Kansas firm to test LaPorte County wind
Trade Wind Energy of Lenexa, Kan., will put up the tower, 197 feet high and 6 inches in circumference, outside LaCrosse to monitor wind speeds at various heights 24 hours a day for about two years.
The testing will determine if there's enough wind to warrant building a wind farm that might produce 200 megawatts per hour, said Paul Smith, a leasing specialist with Trade Wind Energy. The monitoring tower will be on a site that's leased.
"We believe there is. We've been studying this area now for eight months," Smith said.
The company is exploring building two wind farms, one near LaCrosse and one near Kouts. The neighboring communities are about 25 miles southeast of Gary.
Because towers with guy wires to help stabilize them are not allowed in the county, a zoning variance had to be granted.
"They want to get going with it," LaPorte County zoning administrator Ray Hamilton said.
Smith said a wind farm would have about 10 percent the generating capacity as the NIPSCO electrical plant in Wheatfield.
NIPSCO would be a potential customer for the electricity produced at the wind farm that would feed into existing high voltage lines, he said.
"We just feel it's a good location," said Richard Polich, also of Trade Wind Energy.

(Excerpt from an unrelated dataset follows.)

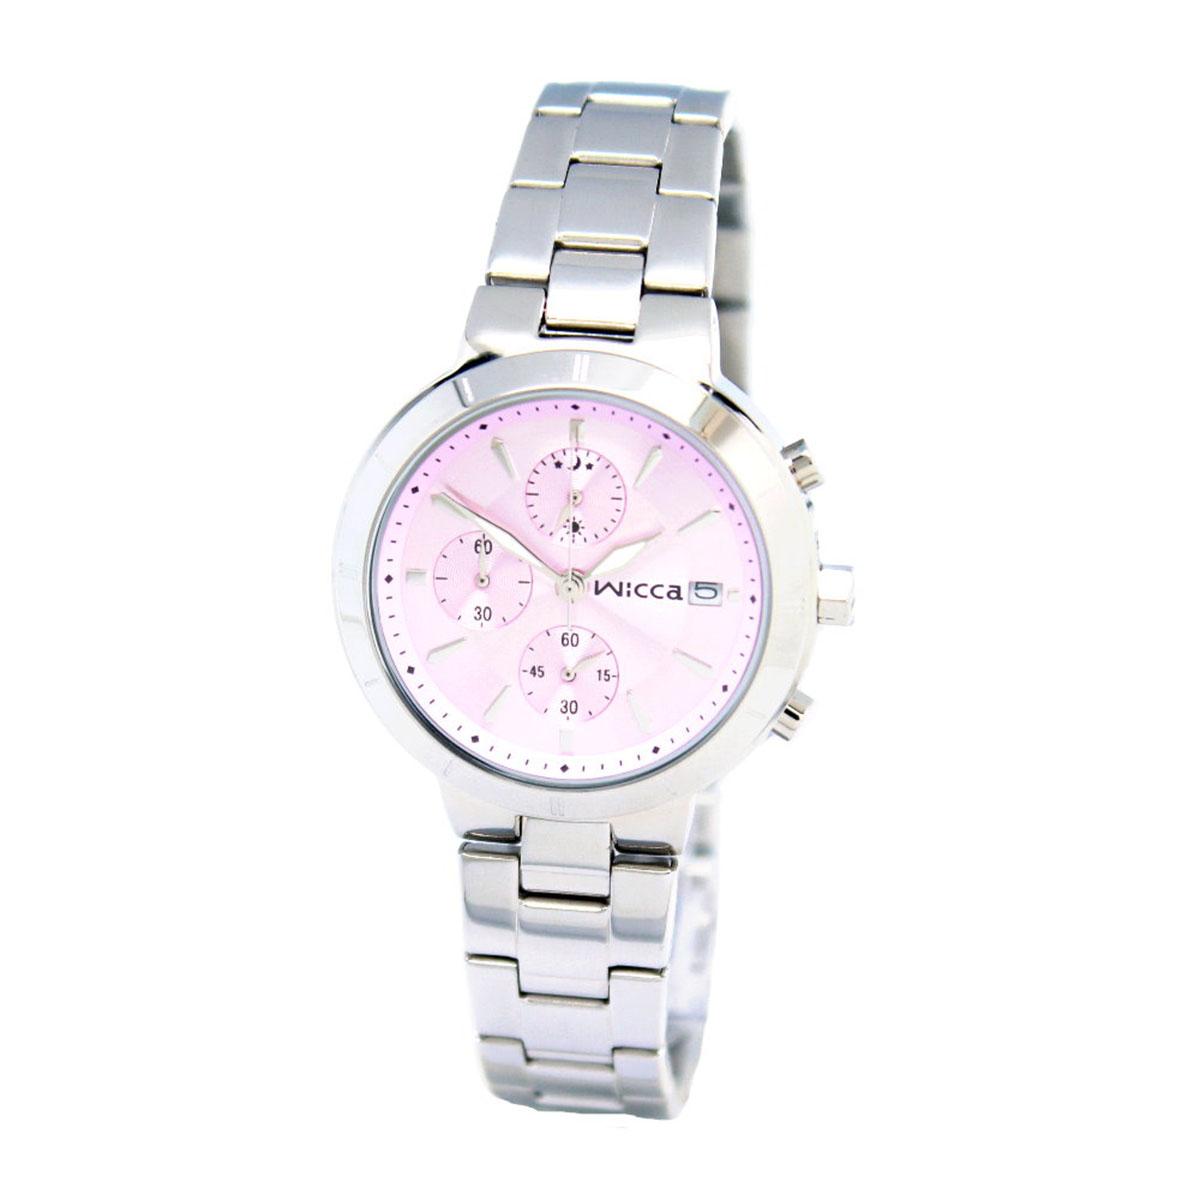 นาฬิกาผู้หญิง Citizen รุ่น BM2-217-91, Casual Chrono Analog Silver Watch

Another monitoring tower is being planned for somewhere between LaCrosse and Kouts.
"We'd like to do a monitoring tower in Porter County if we can get lease agreements with landowners," Smith said.
If the findings are favorable, Smith said it would take about four years to negotiate lease agreements with existing landowners and construct a wind farm.
He said 38,000 acres are being considered for wind farm construction in LaPorte and Porter counties.
The state's first commercial power station fueled by the wind, the 130-megawatt Benton County Wind Farm about 60 miles south of Gary, went online in May. It generates enough power to light 43,000 homes.
Another Benton County wind farm, the 750-megawatt Fowler Ridge Wind Farm, will be one of the nation's largest when complete. A 400-megawatt first stage is expected to begin operating later this year.
At least four other Indiana wind farms are in the planning stages.
A 2006 study by the U.S. Department of Energy's National Renewable Energy Laboratory found that Indiana's winds could produce at least 40,000 megawatts of electricity, or more than twice the state's current generating capacity.